§ Recorded information:
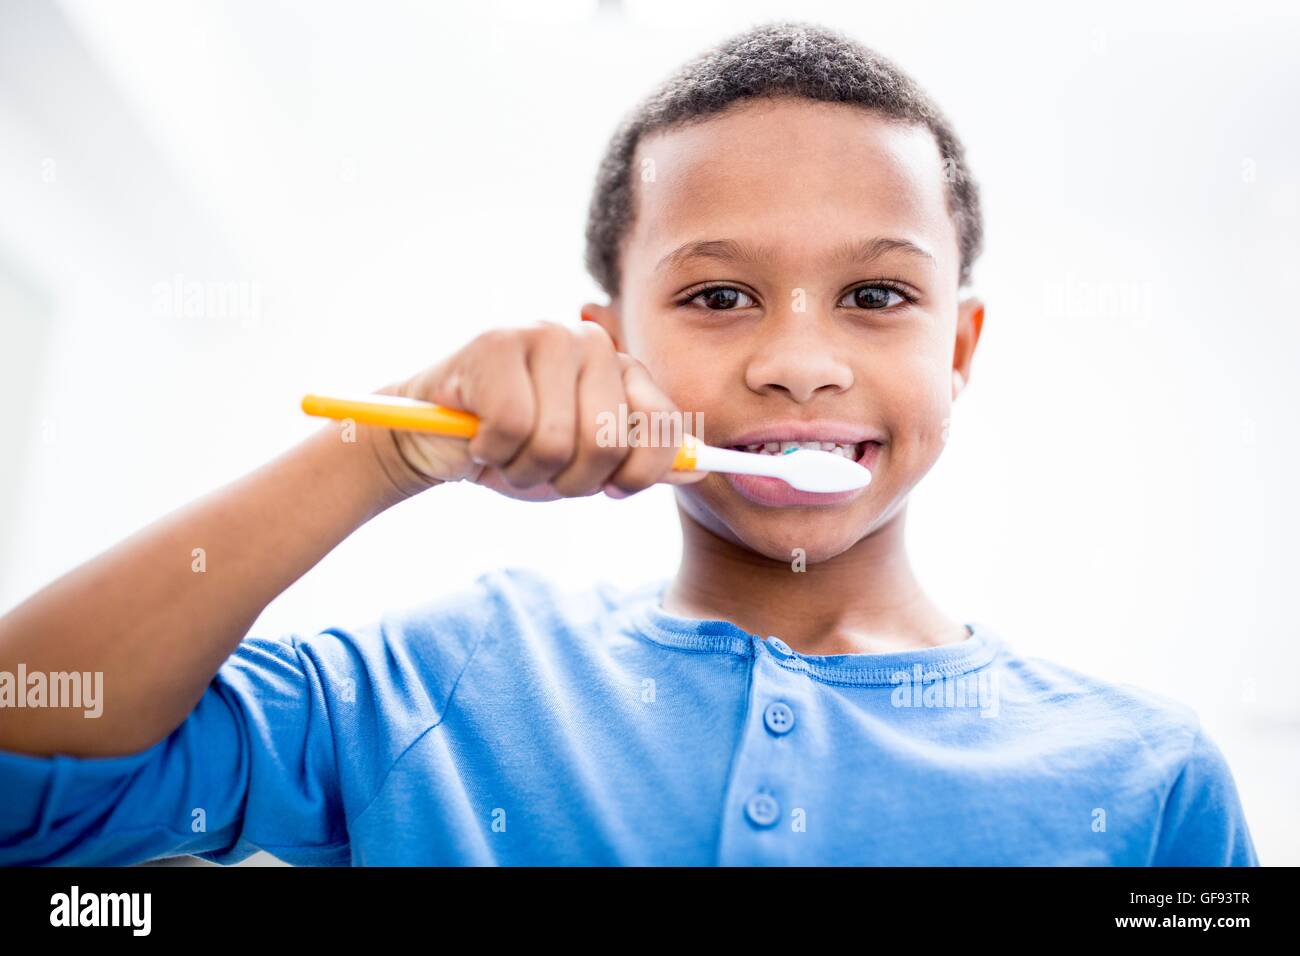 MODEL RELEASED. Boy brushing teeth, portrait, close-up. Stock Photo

---

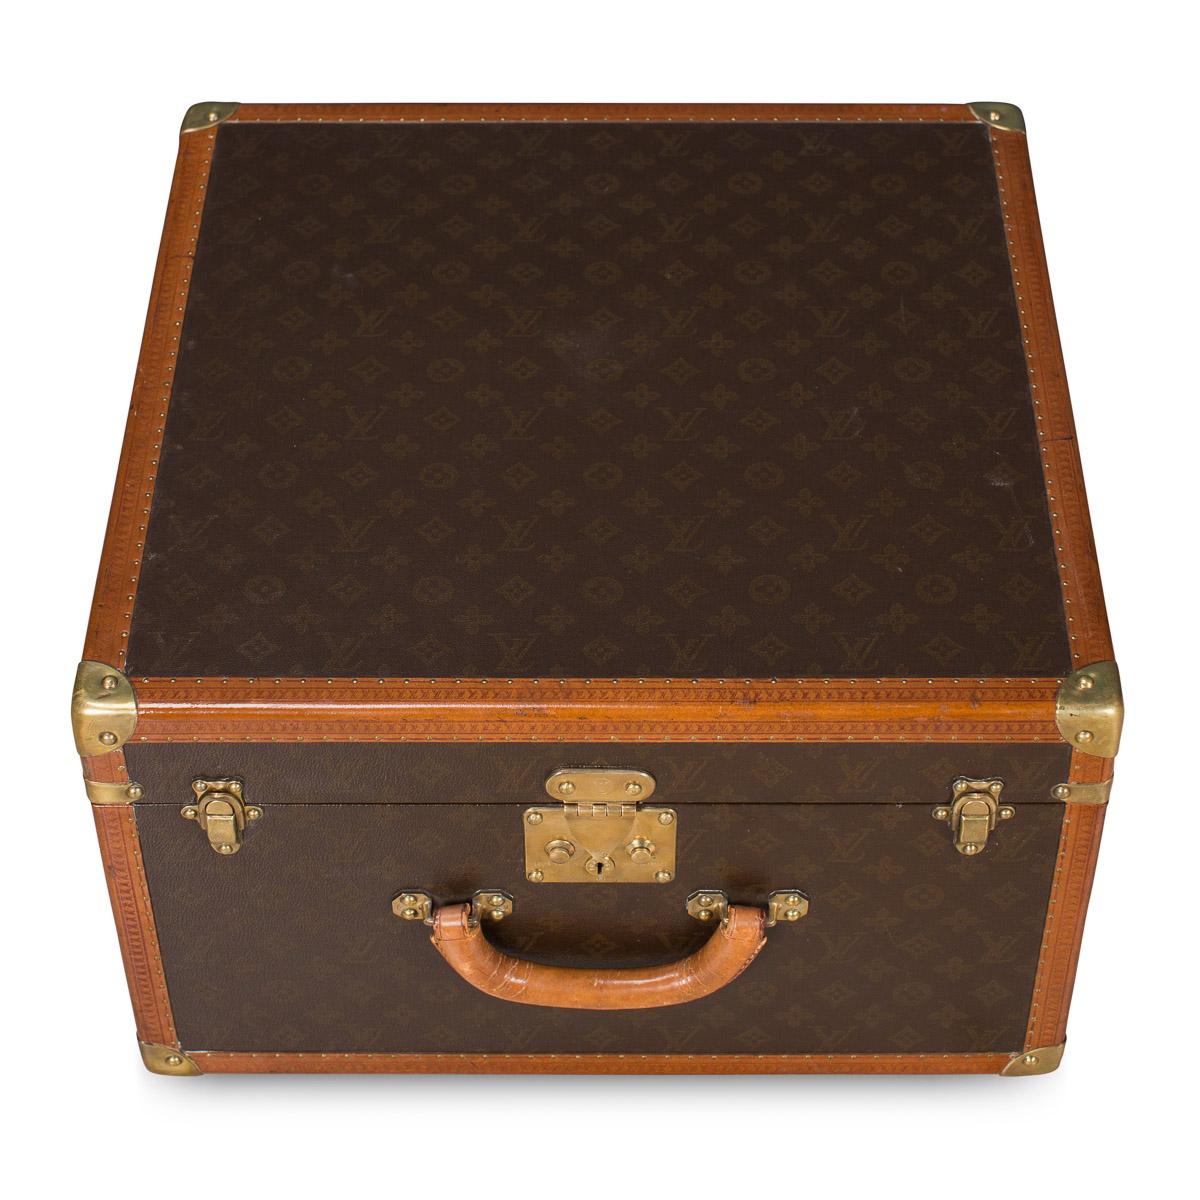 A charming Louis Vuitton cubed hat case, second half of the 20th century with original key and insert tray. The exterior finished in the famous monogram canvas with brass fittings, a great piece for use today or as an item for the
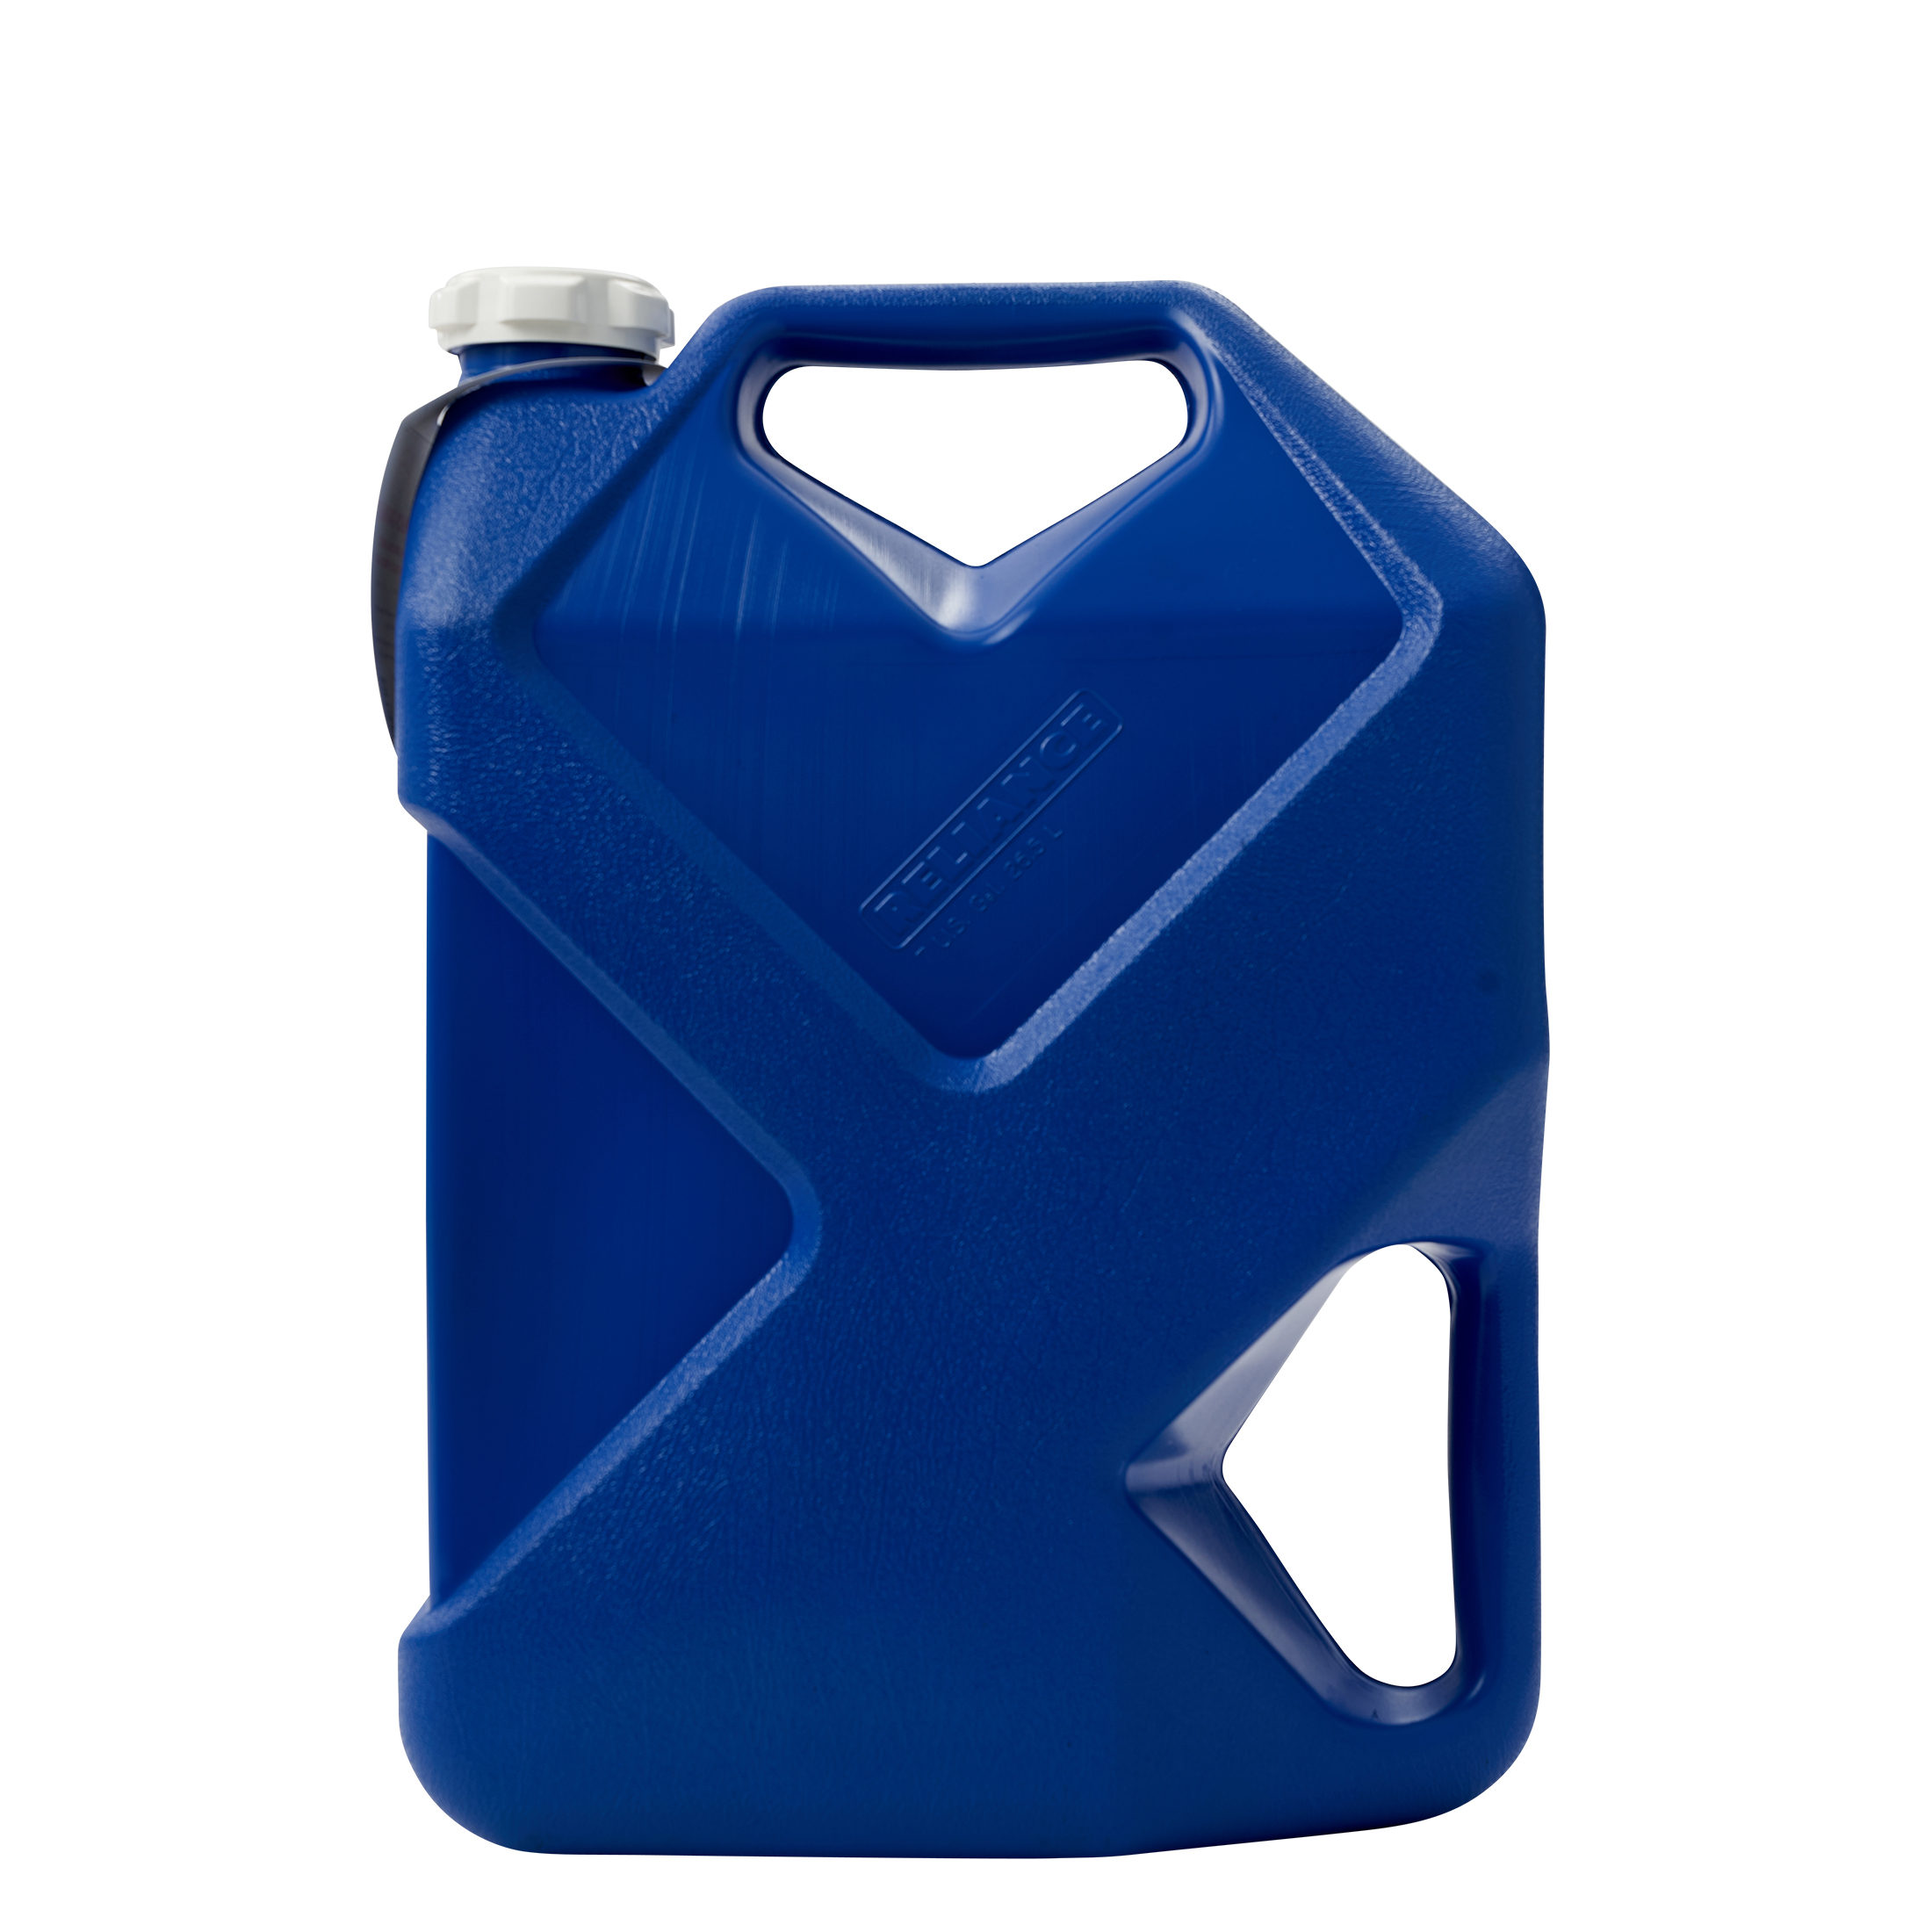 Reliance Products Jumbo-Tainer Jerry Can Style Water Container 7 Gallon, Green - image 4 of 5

...

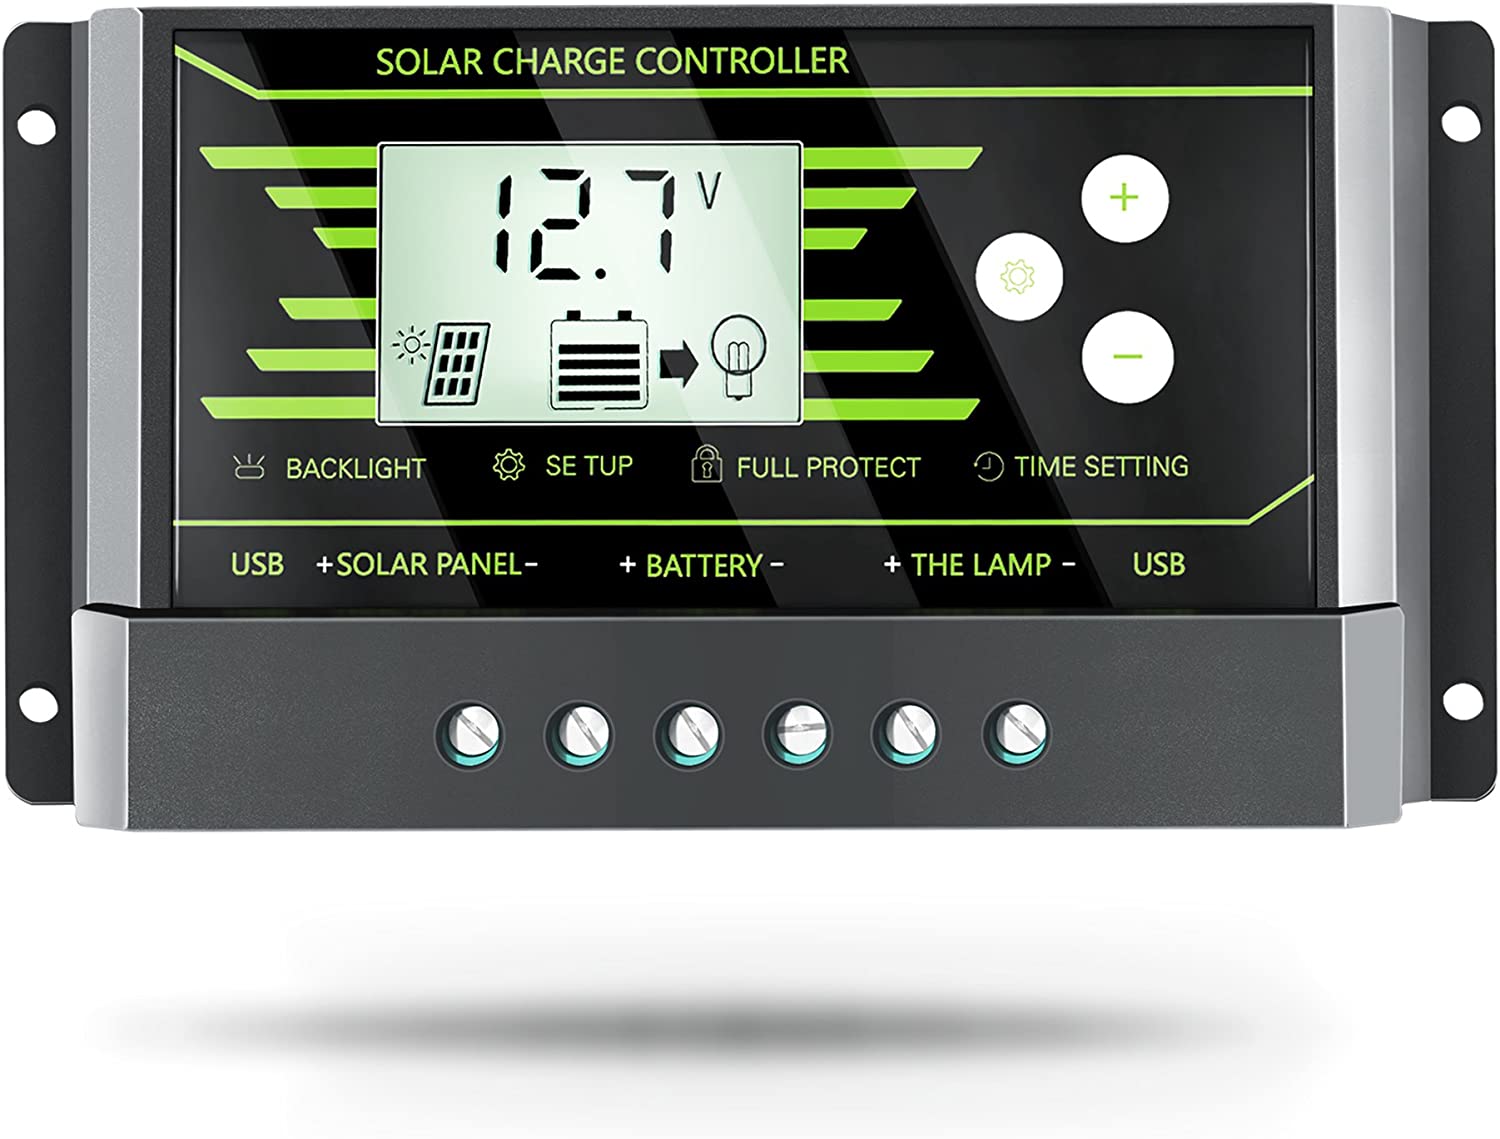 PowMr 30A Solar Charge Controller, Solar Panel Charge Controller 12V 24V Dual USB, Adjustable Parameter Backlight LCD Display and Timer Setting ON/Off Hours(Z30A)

§ Problem to solve:
Each line from the one that contains "A charming Louis" down to the one that contains "Reliance Products Jumbo-Tainer" is to be returned exactly as it stands above, both ends included, with pictures removed.

§ Result:
 A charming Louis Vuitton cubed hat case, second half of the 20th century with original key and insert tray. The exterior finished in the famous monogram canvas with brass fittings, a great piece for use today or as an item for the
 Reliance Products Jumbo-Tainer Jerry Can Style Water Container 7 Gallon, Green - image 4 of 5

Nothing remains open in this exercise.